Directions
When you reach the line holding "Фиолетовая зимняя куртка Decathlon", please begin to restate the lines word for word and continue through the last one in the material, excluding pictures.

Data excerpt
◇ ◇ ◇ ◇ ◇ ◇ ◇

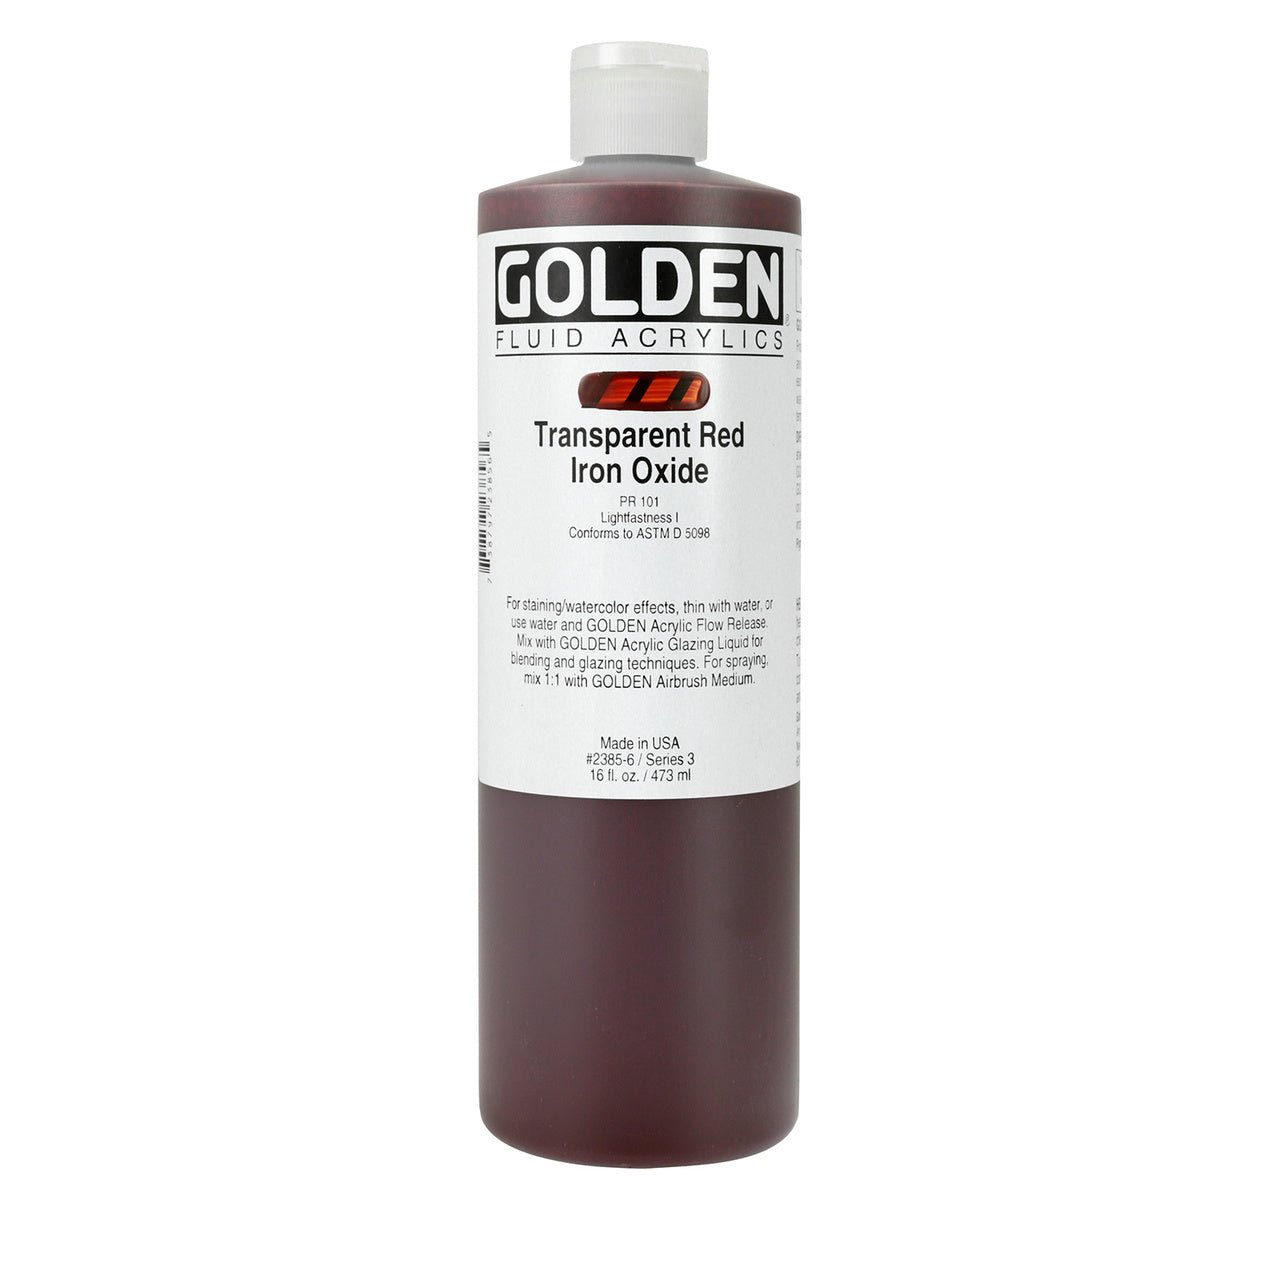 Golden Fluid Acrylic Transparent Red Iron Oxide 16 oz - merriartist.com
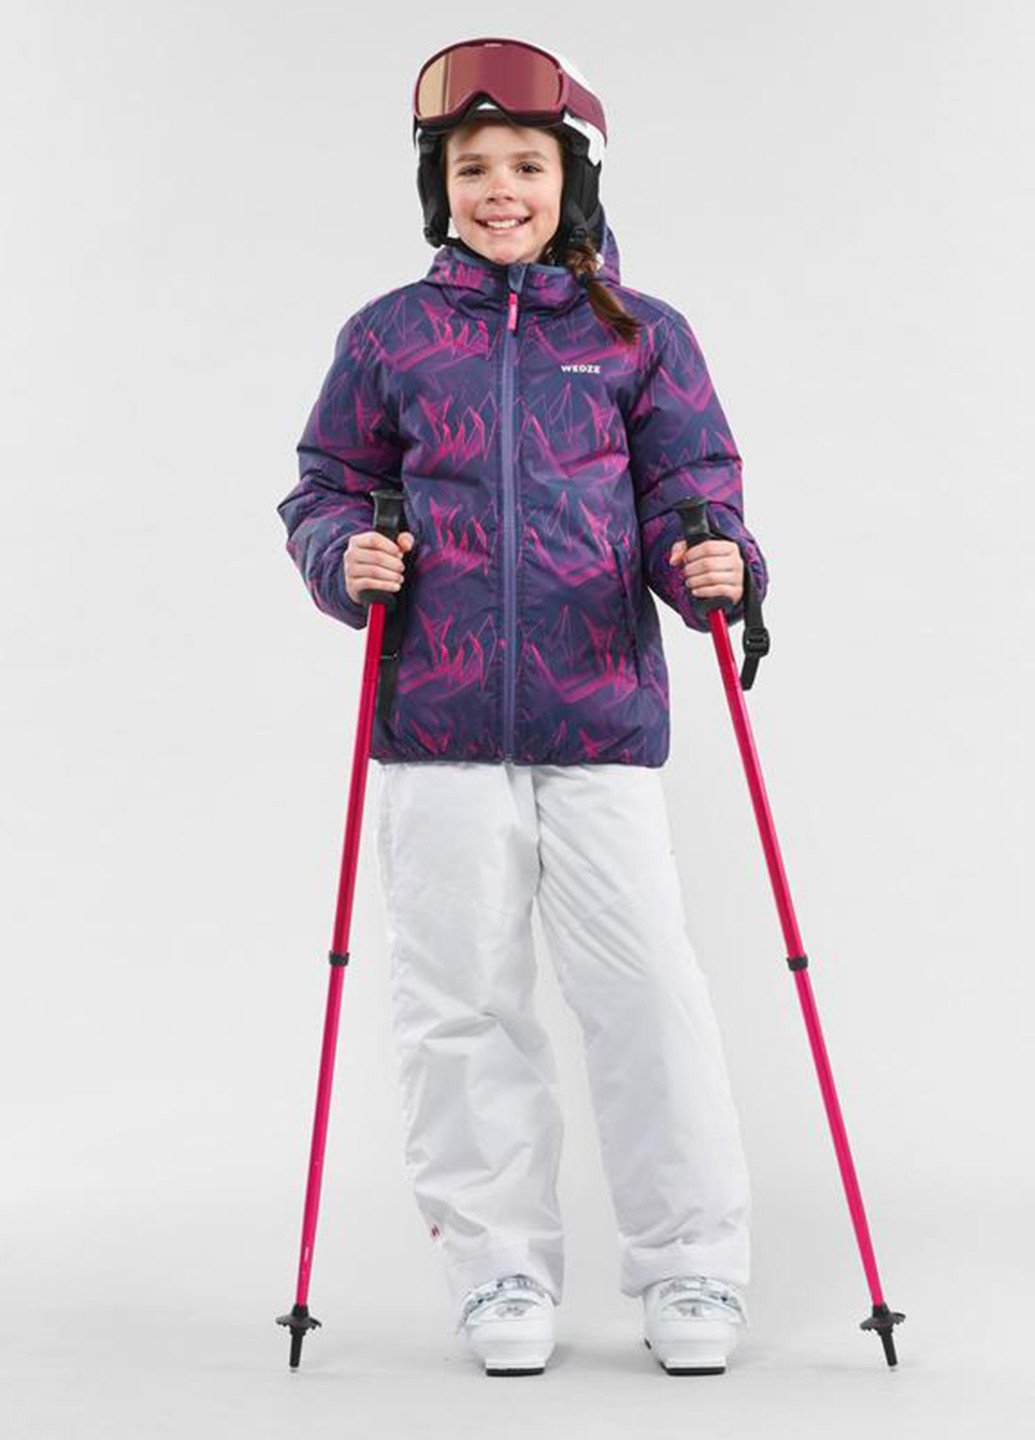 Фиолетовая зимняя куртка Decathlon
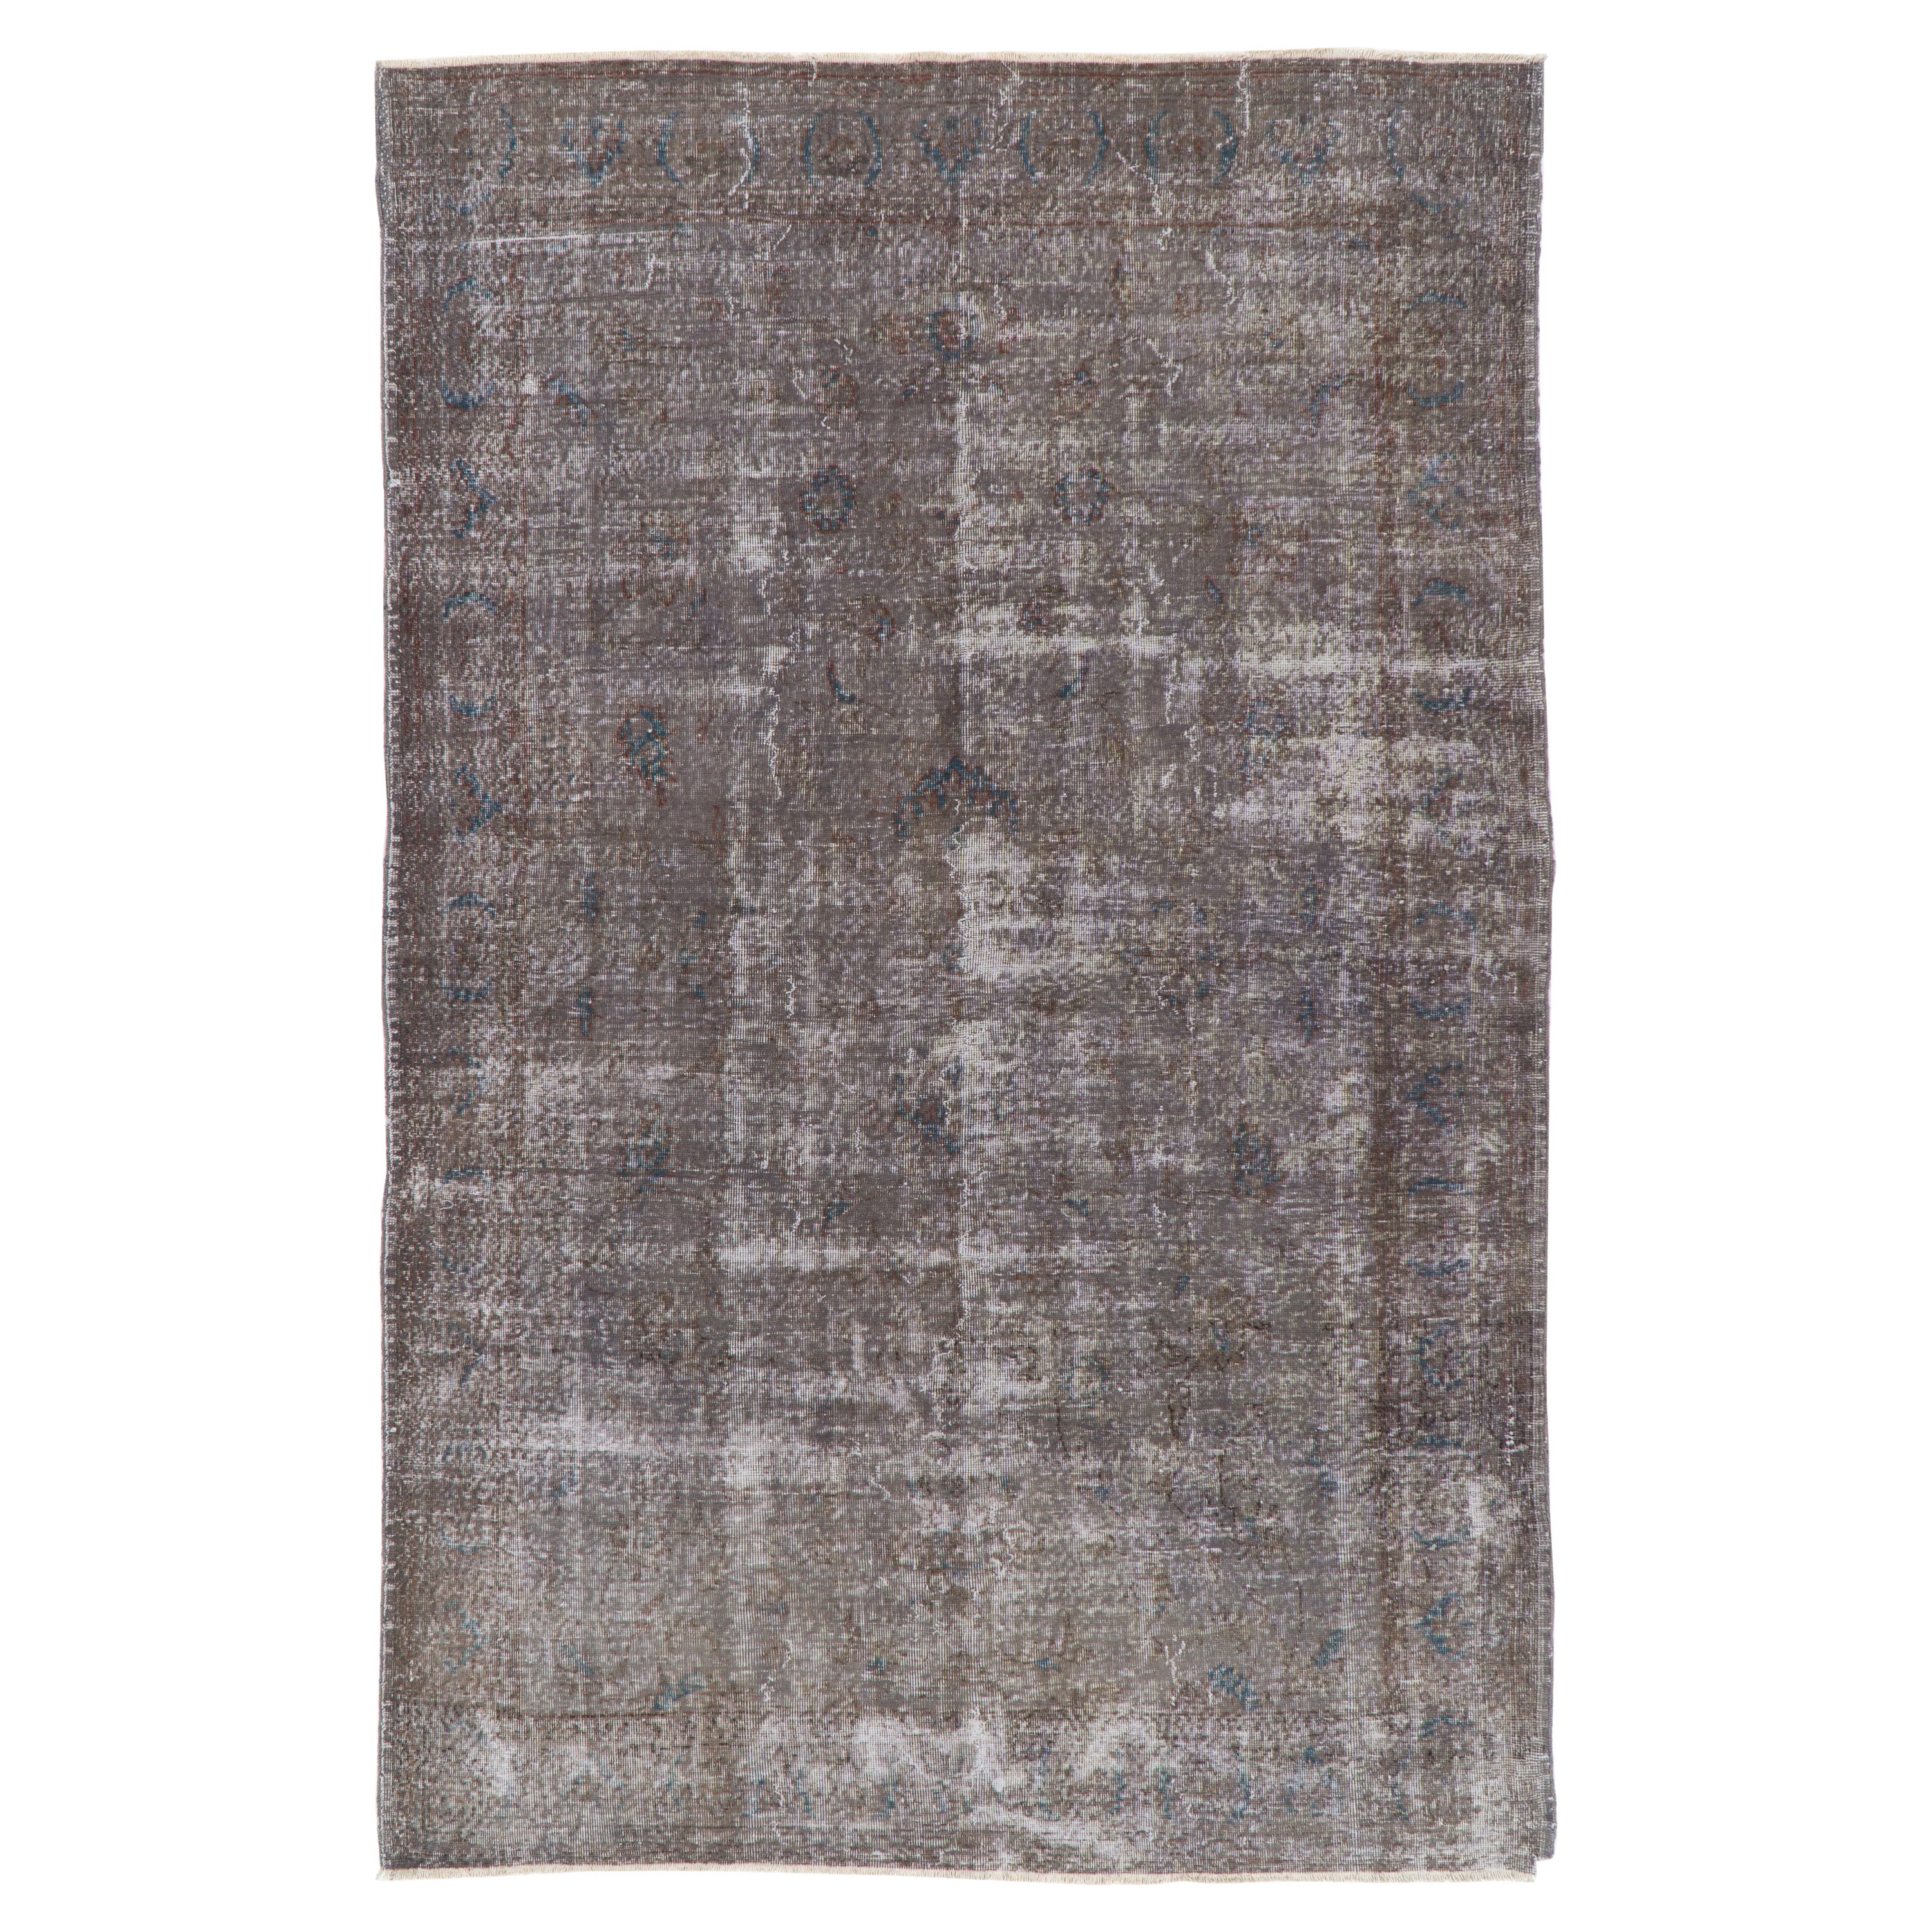 6.4x10 Ft Distressed 1950s Turkish Wool Area Rug. Handmade Taupe Grey Carpet
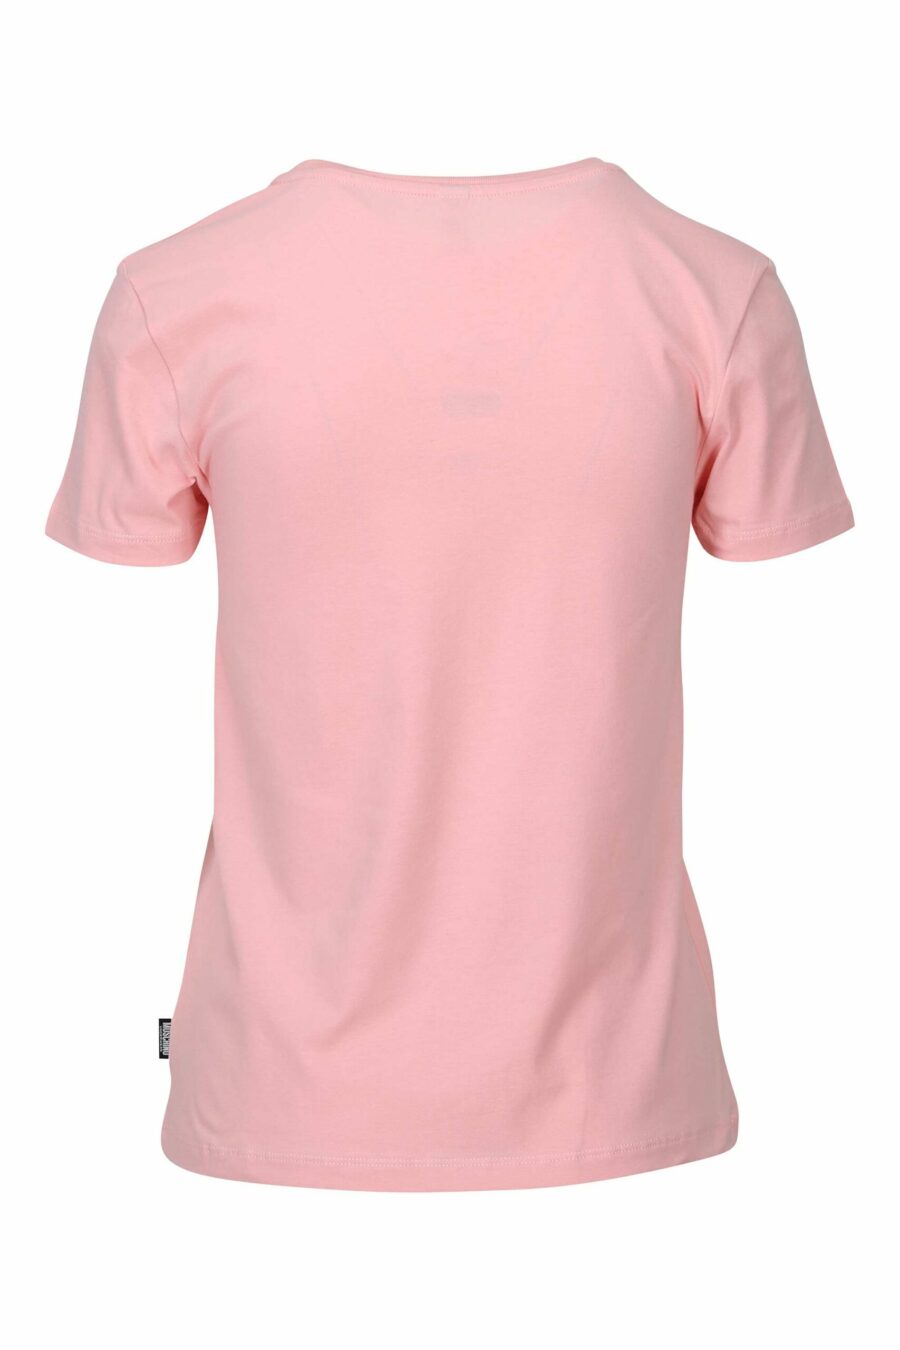 Rosa T-Shirt mit Bärenlogo-Aufnäher "underbear" - 667113034546 1 skaliert

◇ ◇ ◇ ◇ ◇ ◇ ◇

Output for this exercise
 Фиолетовая зимняя куртка Decathlon
 6.4x10 Ft Distressed 1950s Turkish Wool Area Rug. Handmade Taupe Grey Carpet
 Rosa T-Shirt mit Bärenlogo-Aufnäher "underbear" - 667113034546 1 skaliert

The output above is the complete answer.